INFORMATION SHOWN ::
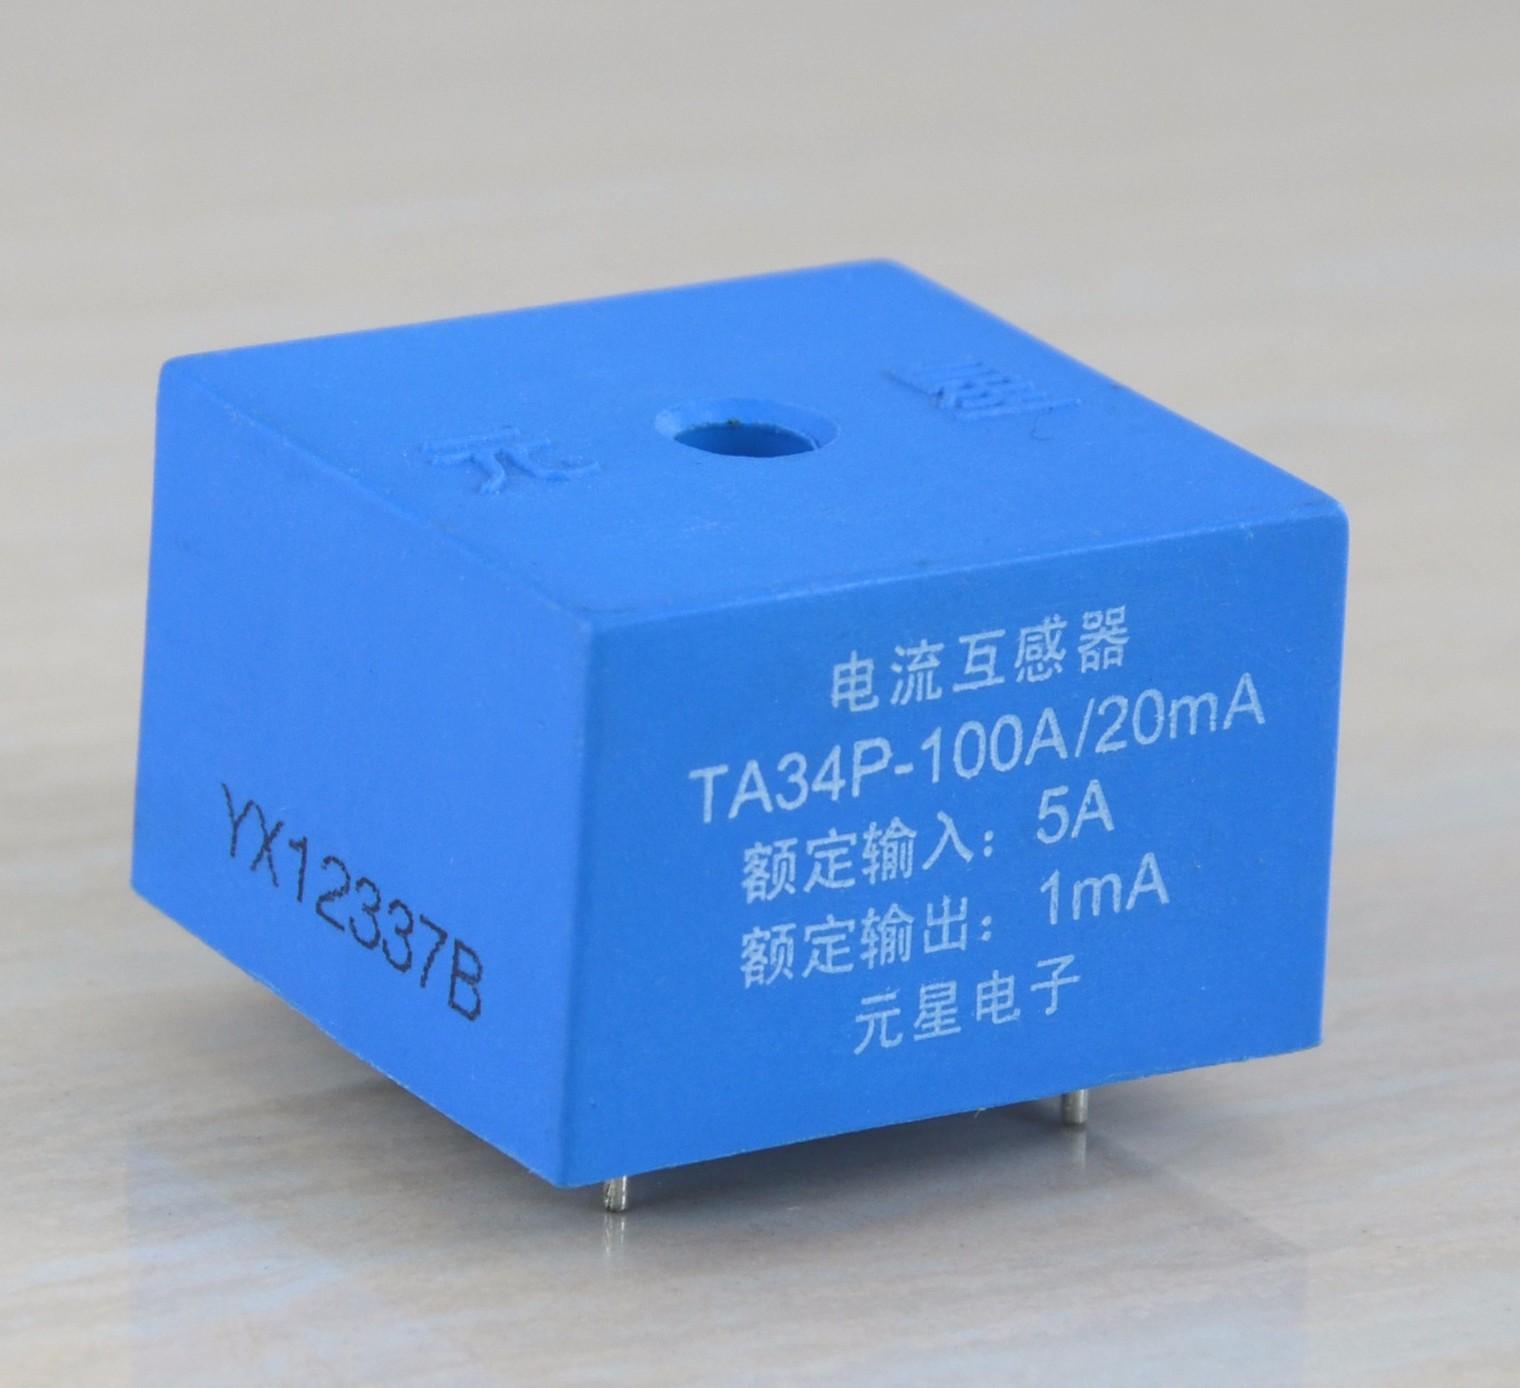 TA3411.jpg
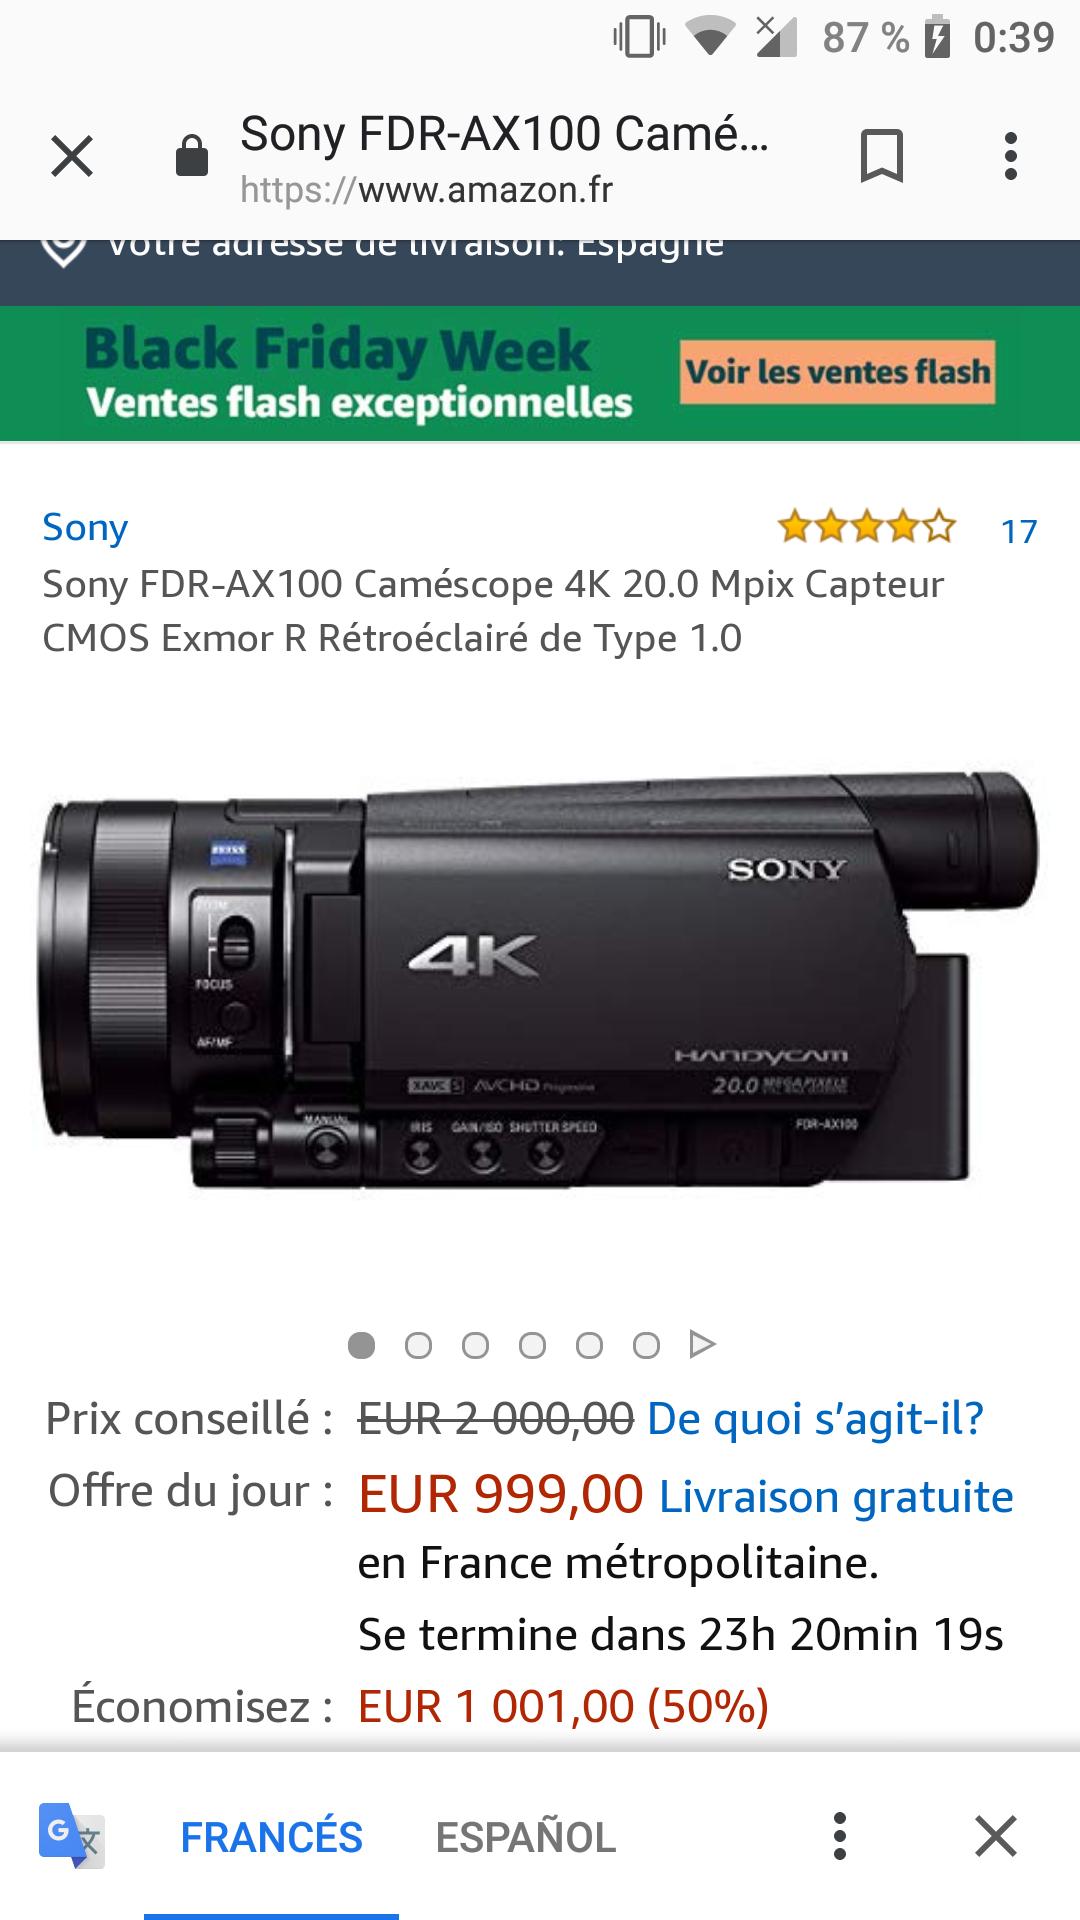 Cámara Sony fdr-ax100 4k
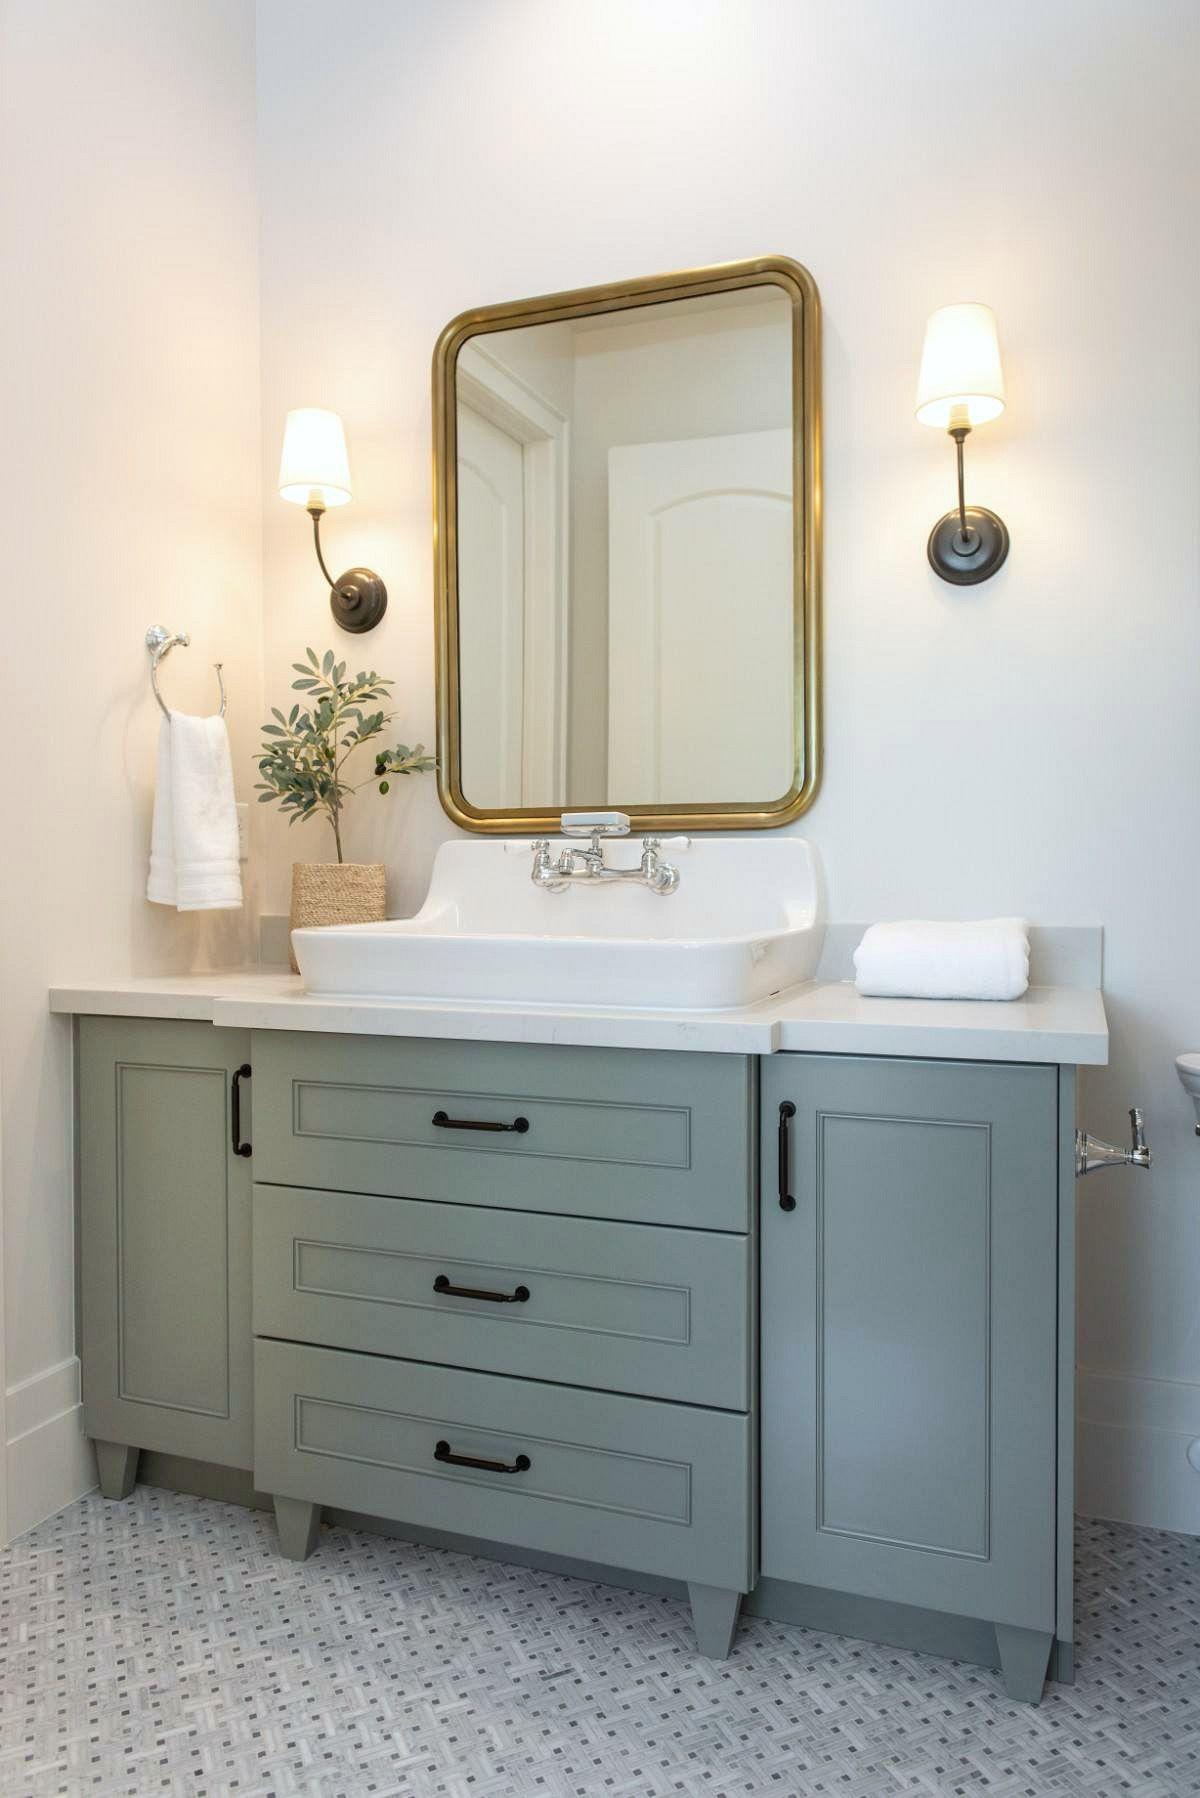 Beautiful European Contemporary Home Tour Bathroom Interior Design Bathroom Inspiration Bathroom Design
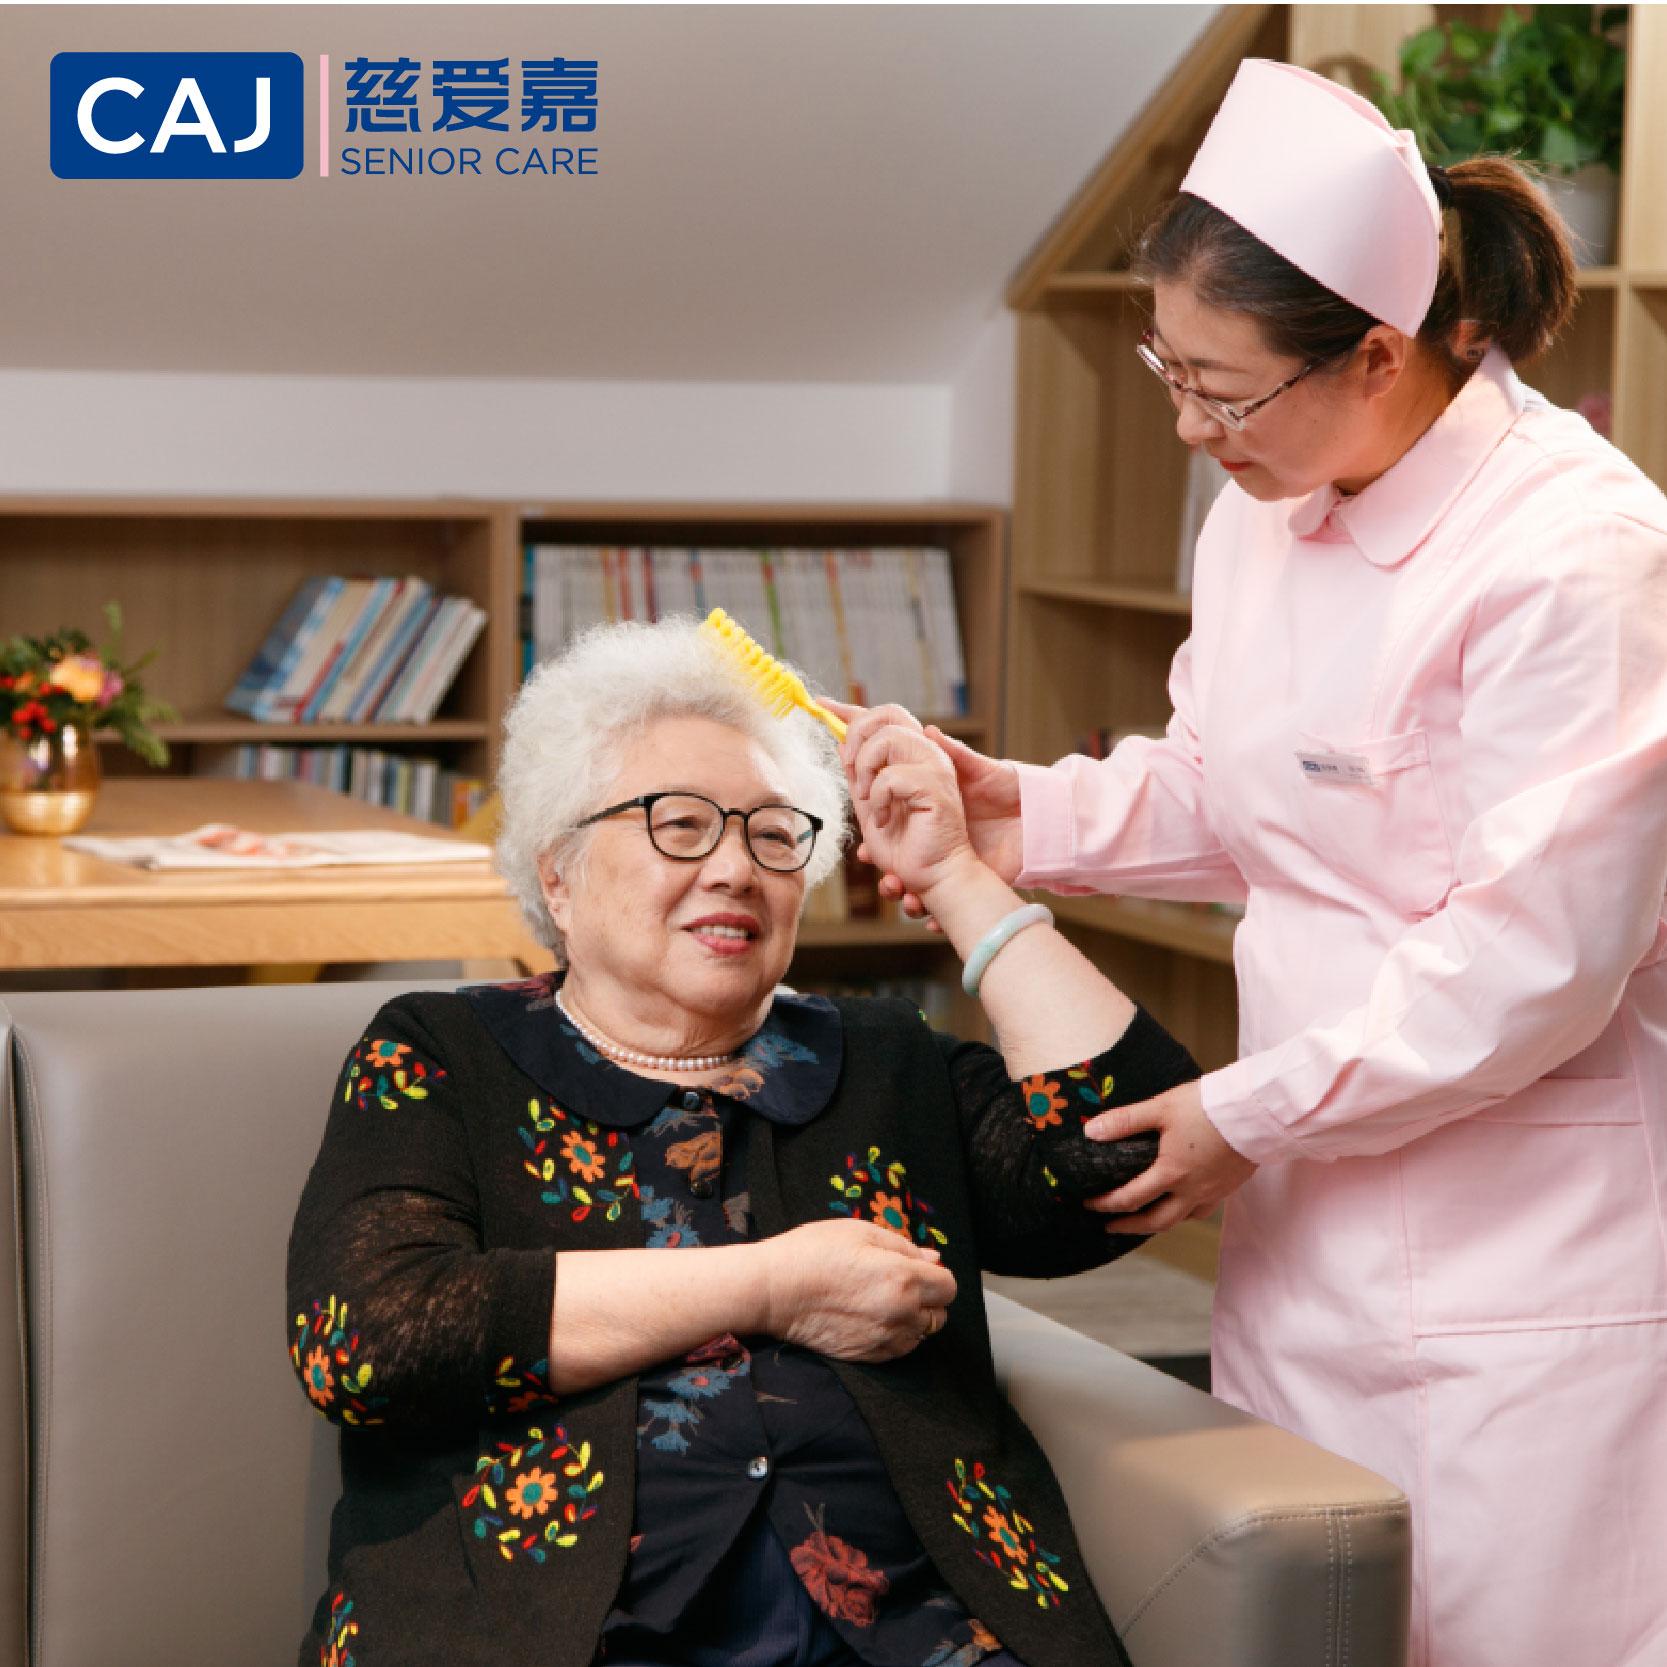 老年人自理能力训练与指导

TASK TO COMPLETE ::
Print out the complete listing above exactly, dropping each image.

ANSWER TO THIS TASK ::
 TA3411.jpg
 Cámara Sony fdr-ax100 4k
 Beautiful European Contemporary Home Tour Bathroom Interior Design Bathroom Inspiration Bathroom Design
 老年人自理能力训练与指导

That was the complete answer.